Leave out the pictures, and print exactly the lines from the one holding "Diorama Modellbau Produktfoto" through the last line of the material.
(Collected material begins)
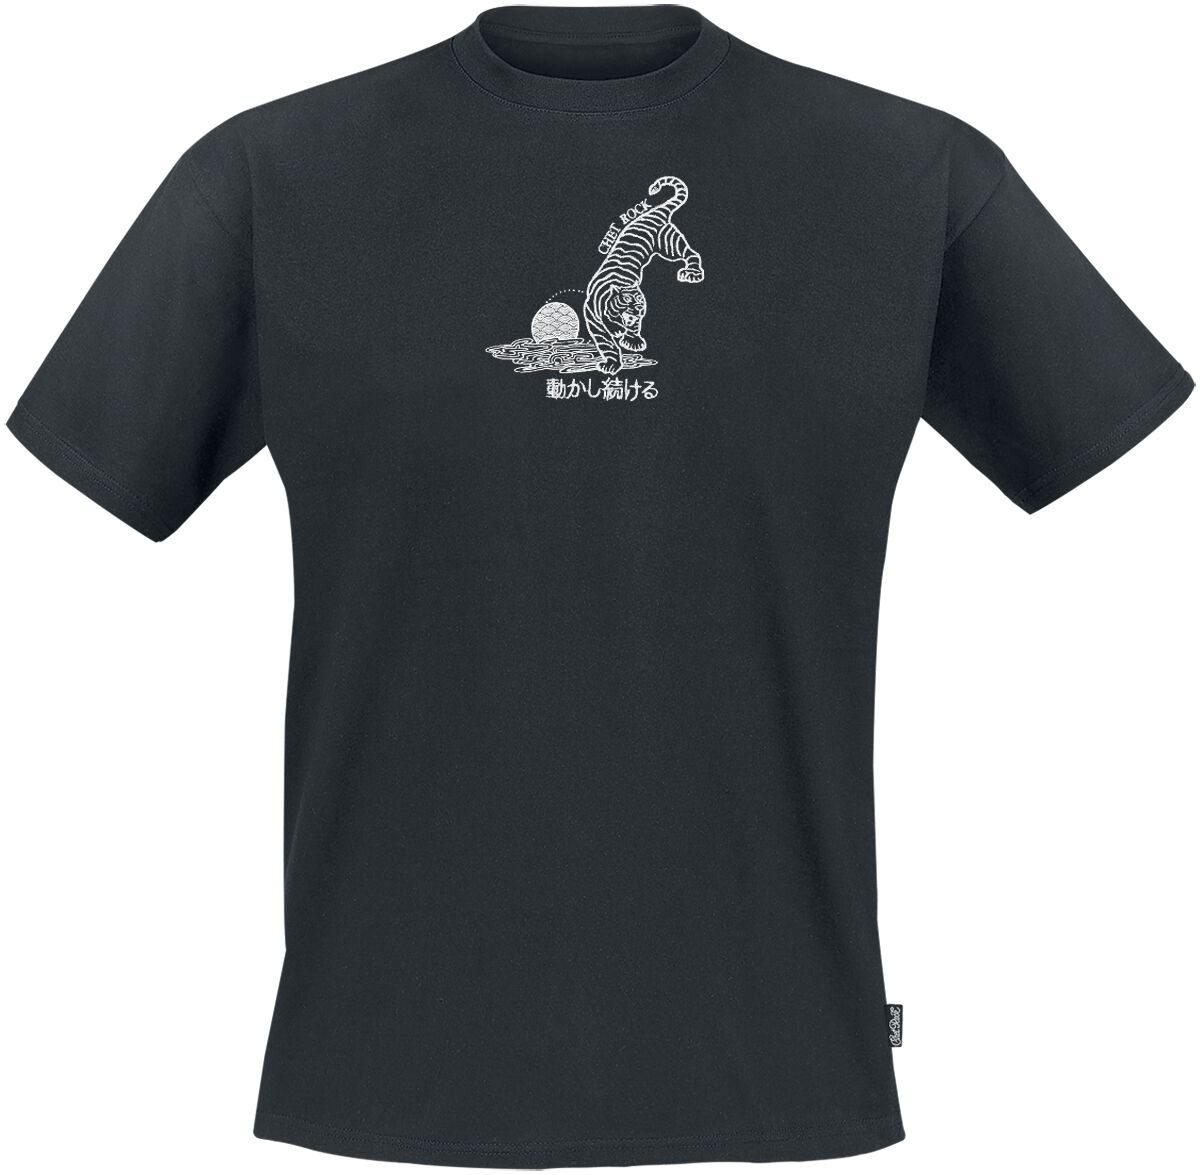 Chet Rock Crouching Tiger T-Shirt schwarz in XL von Chet Rock
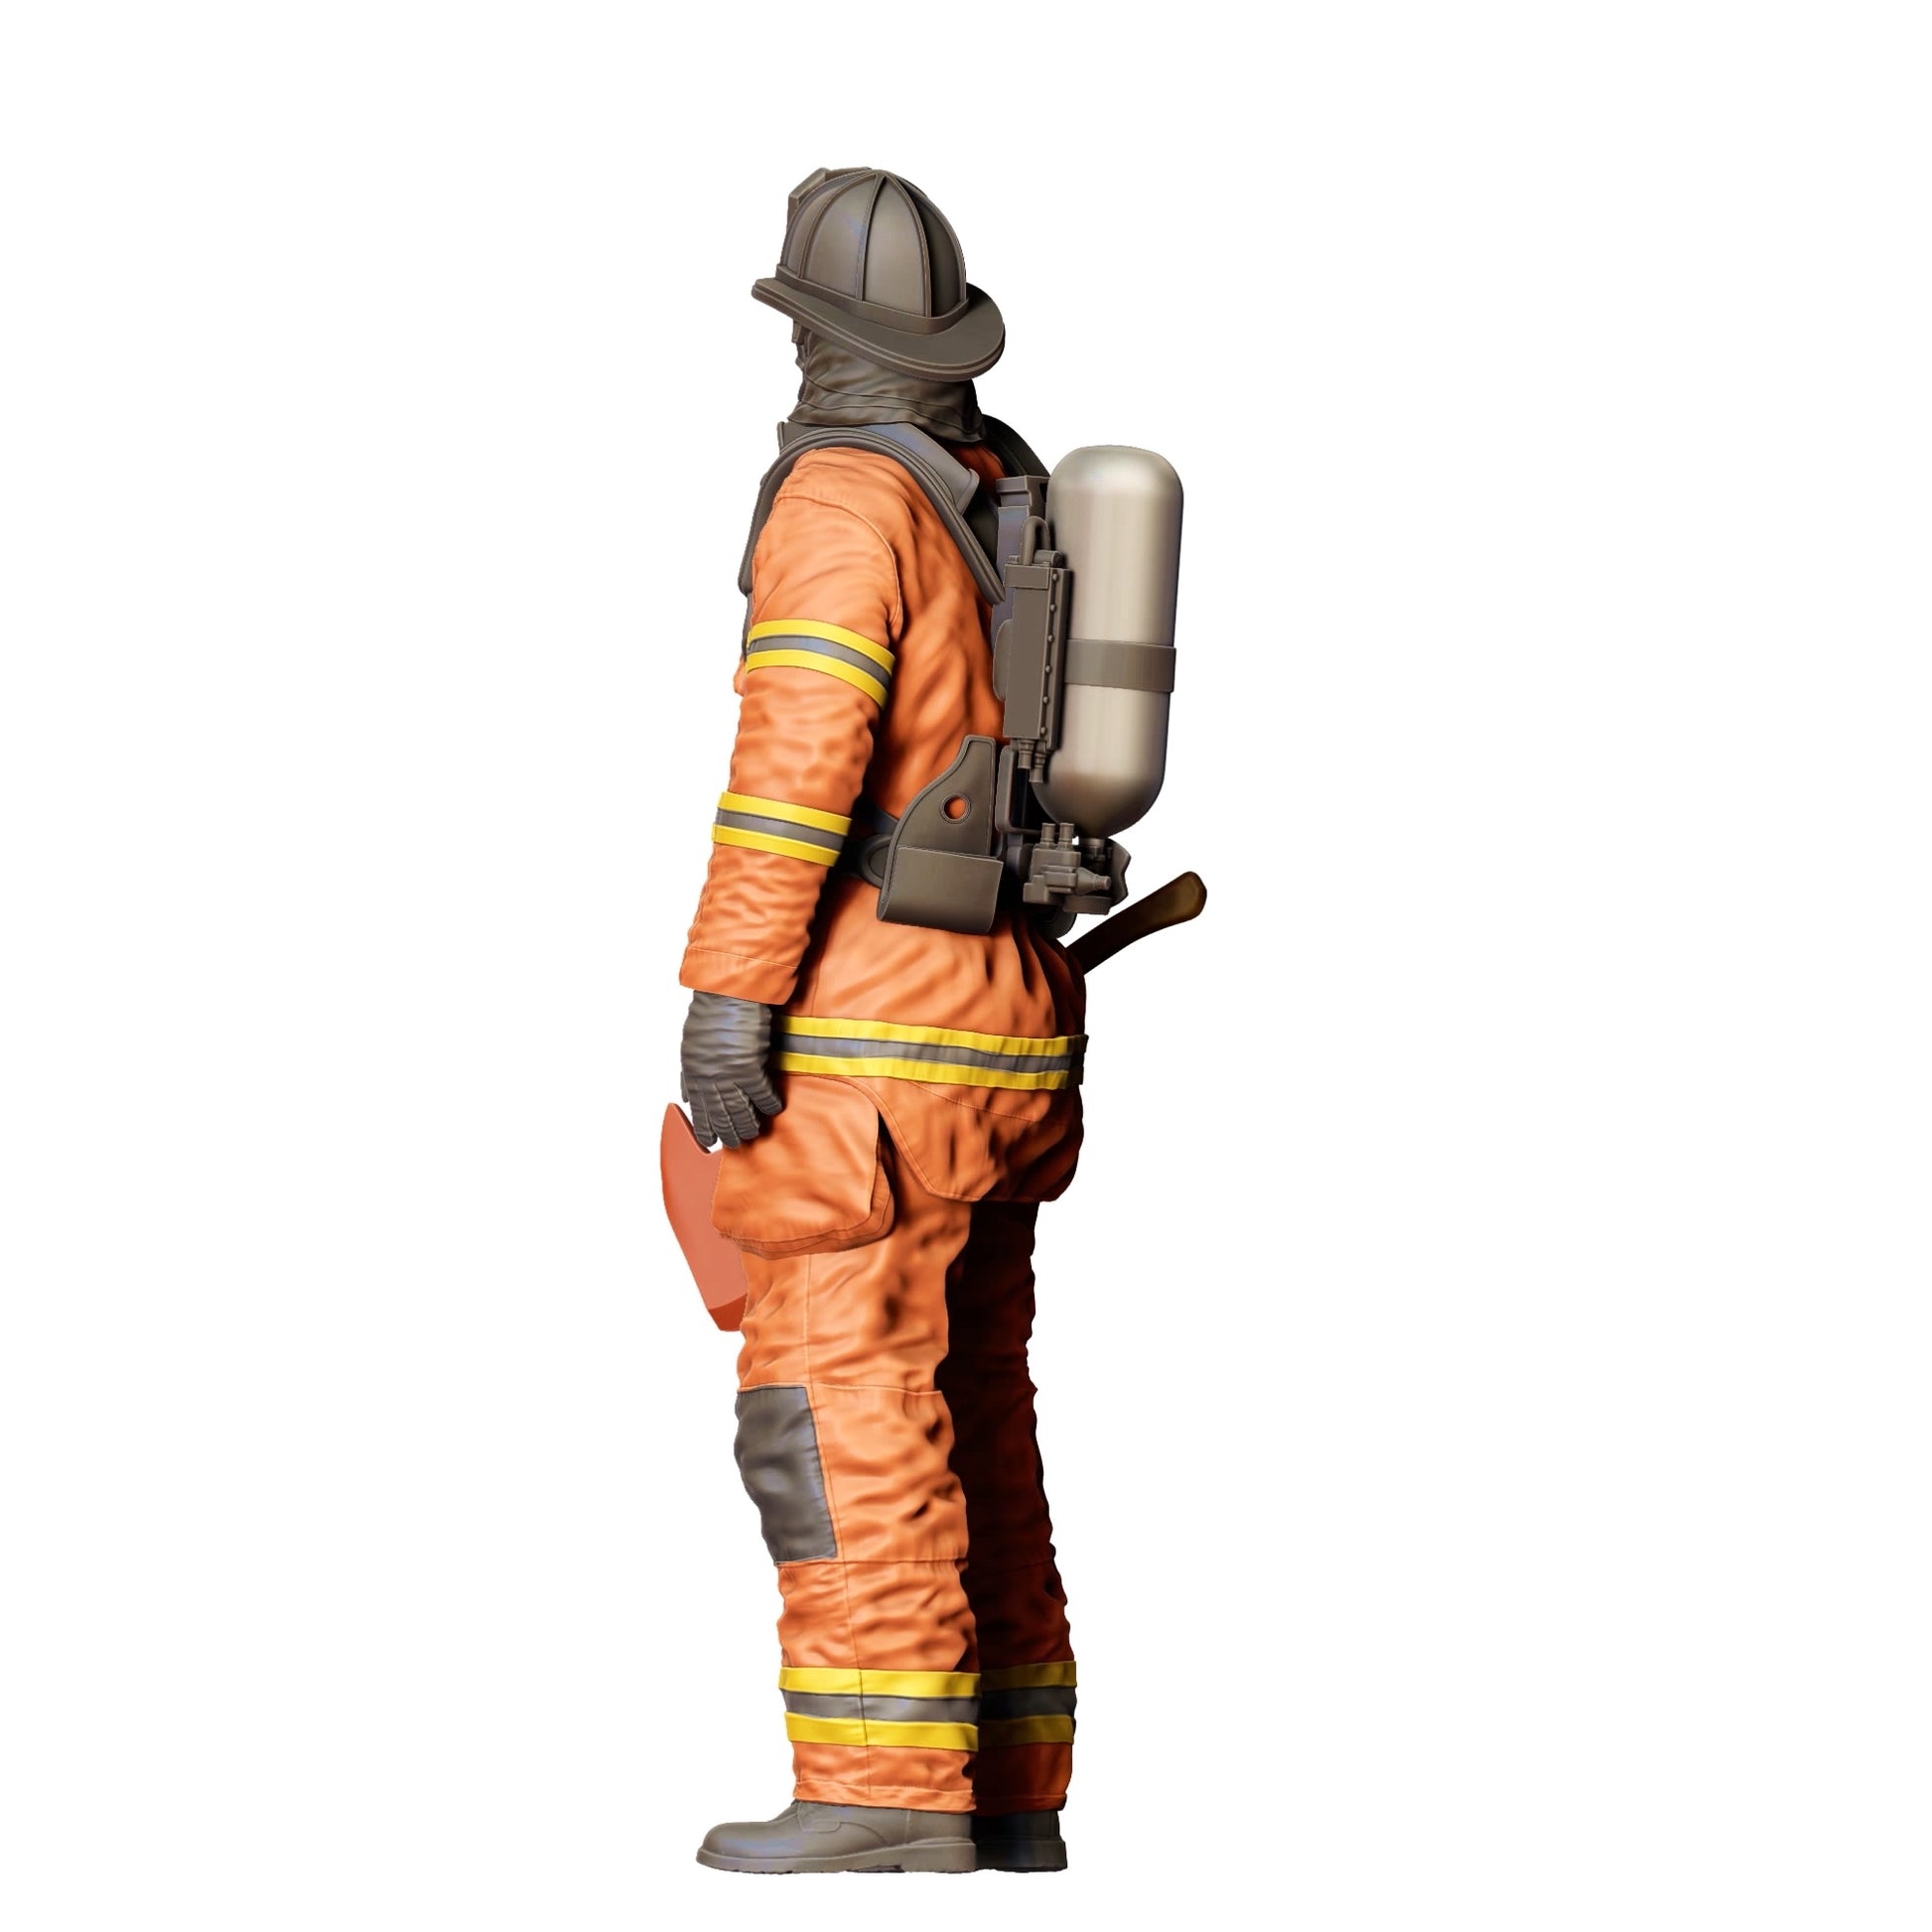 Diorama Modellbau Produktfoto 0: Feuerwehrmann Amerikanisch - Mit Axt  (Ref. Nr. 308)
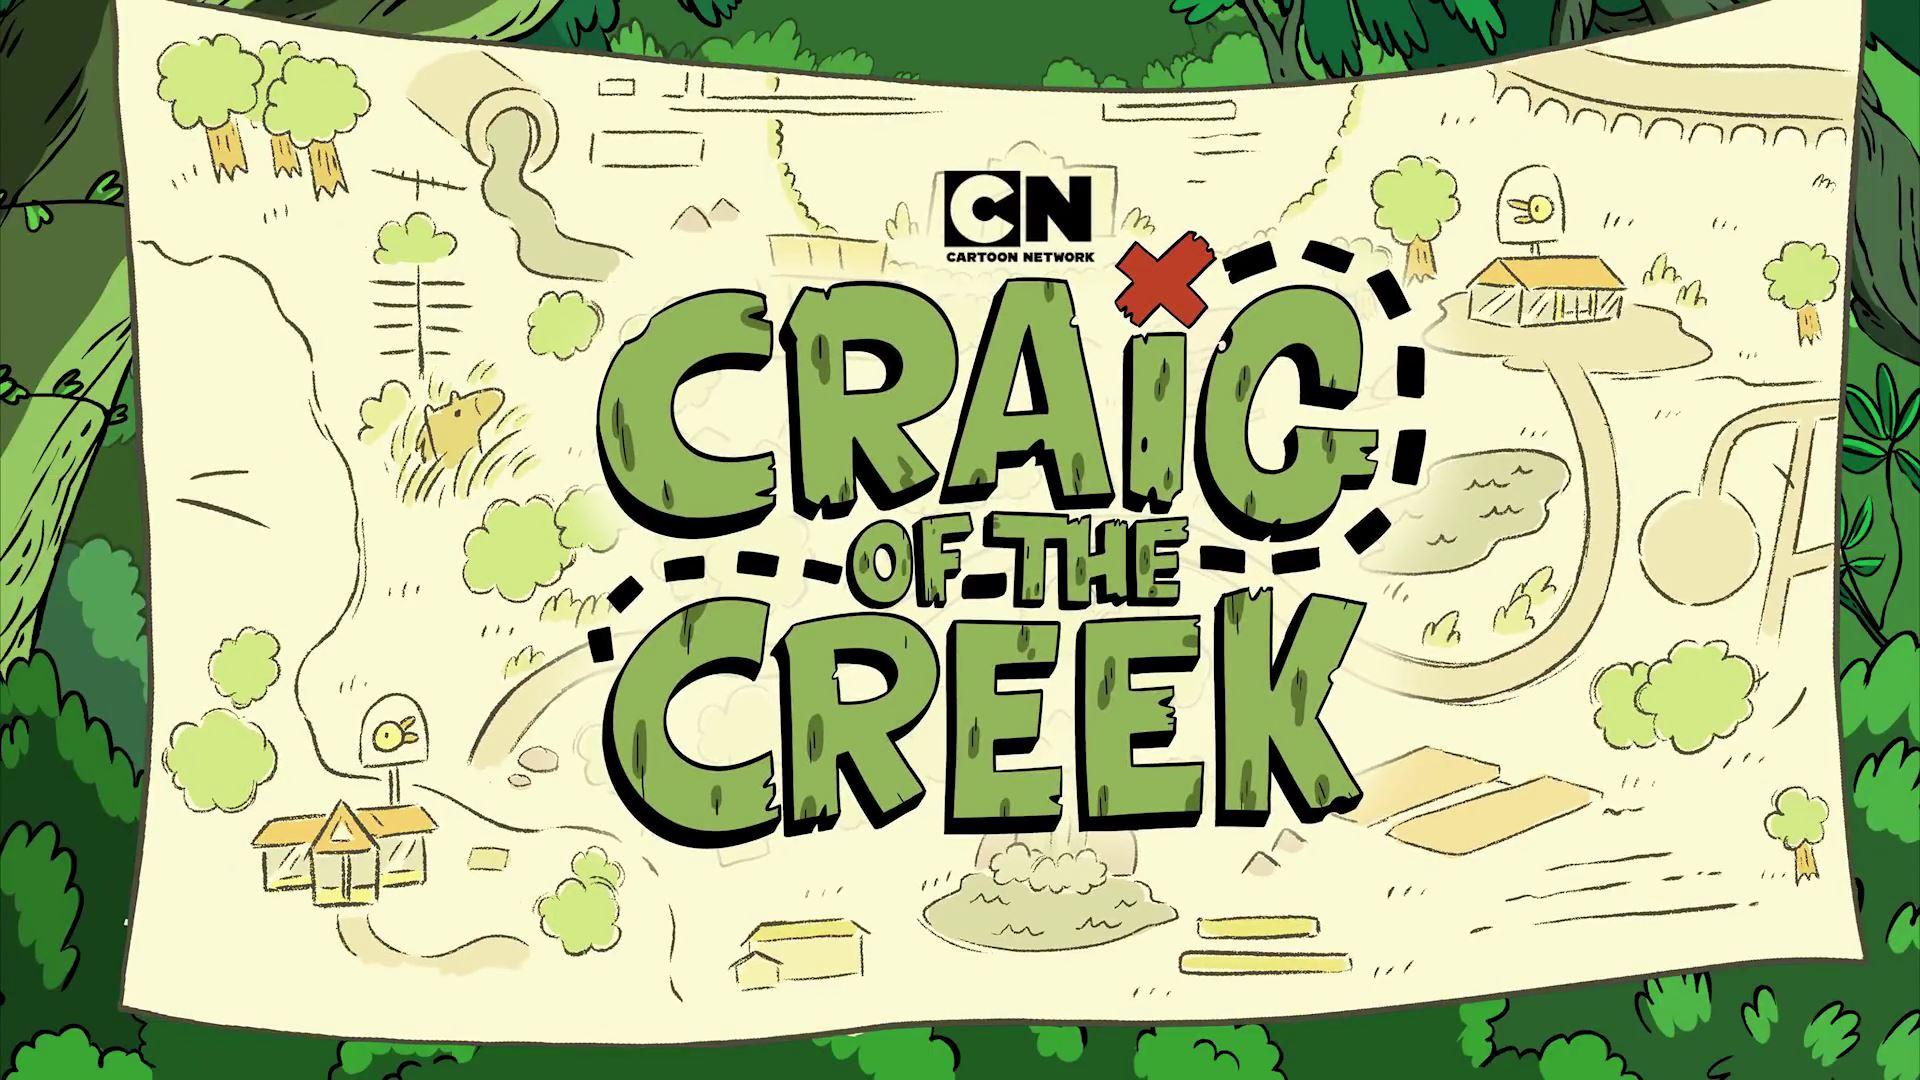 کریگ کریک (Craig of the Creek)
(Collected material ends)
◆ **Answer to this problem**:
 Diorama Modellbau Produktfoto 0: Feuerwehrmann Amerikanisch - Mit Axt  (Ref. Nr. 308)
 کریگ کریک (Craig of the Creek)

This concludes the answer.